= Marriage preparation in the Catholic Church =

Courses for Catholic adults preparing for marriage

Couples preparing to be married in a Catholic church are encouraged to take time to prepare for their marriage. Some marriage preparation courses are referred to as "Pre-Cana", including a version available online.

The term "Pre-Cana" is derived from John 2:1–12, the Wedding at Cana in Galilee, where Jesus performed the miracle of turning water into wine.

==Description==
The purpose of marriage preparation under canon law is to make sure that people are free to marry and have the capacity to marry. Approaches to Pre-Cana vary among Catholic dioceses and parishes. Often six-month sessions are led by a priest or deacon with support from a married Catholic couple.

All Catholic dioceses in the United States require couples to spend a significant amount of time preparing for marriage. Most dioceses (over 70, as of 2004) require an initial face to face meeting with their parish deacon or priest at least 6 months prior to the wedding, with a growing trend to ask couples to complete their preparation at least 6 weeks prior to their wedding.

These courses are designed to prepare couples with a better understanding of each other and of the sacrament of marriage. These courses can have multiple different forms ranging from weekend retreats to getting matched with a sponsor couple for meetings. The United States Conference of Catholic Bishops recognizes that long distance preparation is sometime necessary due to military service or otherwise. In these instances a military or college chaplains can often provide independent preparation but the presiding minister needs to coordinate the process.
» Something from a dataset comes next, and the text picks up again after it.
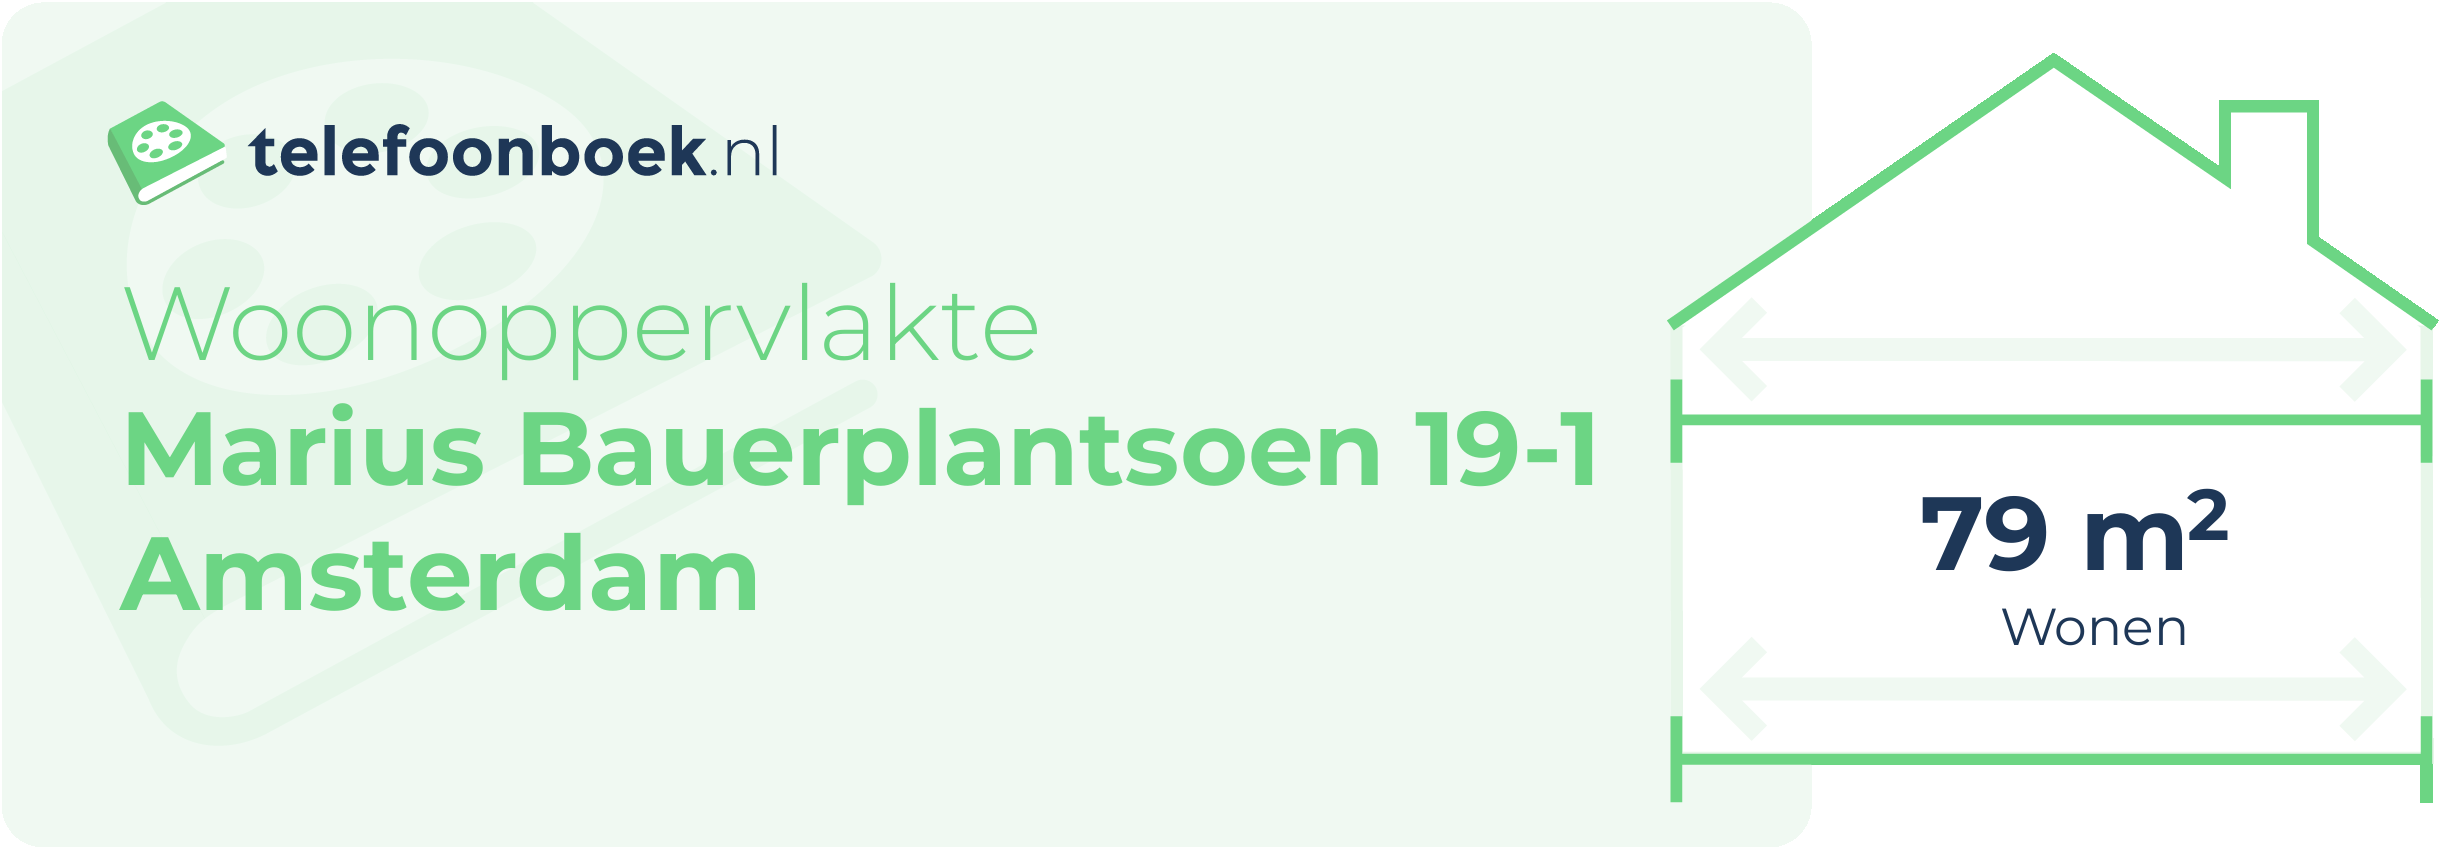 Woonoppervlakte Marius Bauerplantsoen 19-1 Amsterdam

During this preparation phase, the bishops' conference considers the following topics as "must-have conversations" taking place before couples marry:

- Spirituality/faith
- Conflict resolution skills
- Careers
- Finances
- Intimacy/cohabitation
- Children
- Commitment
- Natural Family Planning

Other topics that may be covered include:

- Ceremony planning
- Family of origin
- Communication
- Marriage as a sacrament
- Sexuality
- Theology of the Body
- Couple prayer
- Unique challenges of military couples
- Stepfamilies
- Children of divorce

== History ==
Cana Conferences, which would go on to become Pre-Cana courses in the 1970s, began in the 1940s "to combat secularism's largest threat–its attack on the Christian family." Cana Conferences differed from Retreats and Days of Recollection as Cana Conferences focused on the growth of husband and wife together towards God, as opposed to retreats which were often segregated by sex. These conferences, however, were not limited only to Catholics as Father Edward Dowling is noted to have hosted conferences where Protestant and Jewish couples attended.

The need to help engaged couples in preparing themselves better for marriage, and the role of other lay married couples in offering support, was referenced in the Second Vatican Council's Decree of the Apostolate of the Laity in 1965.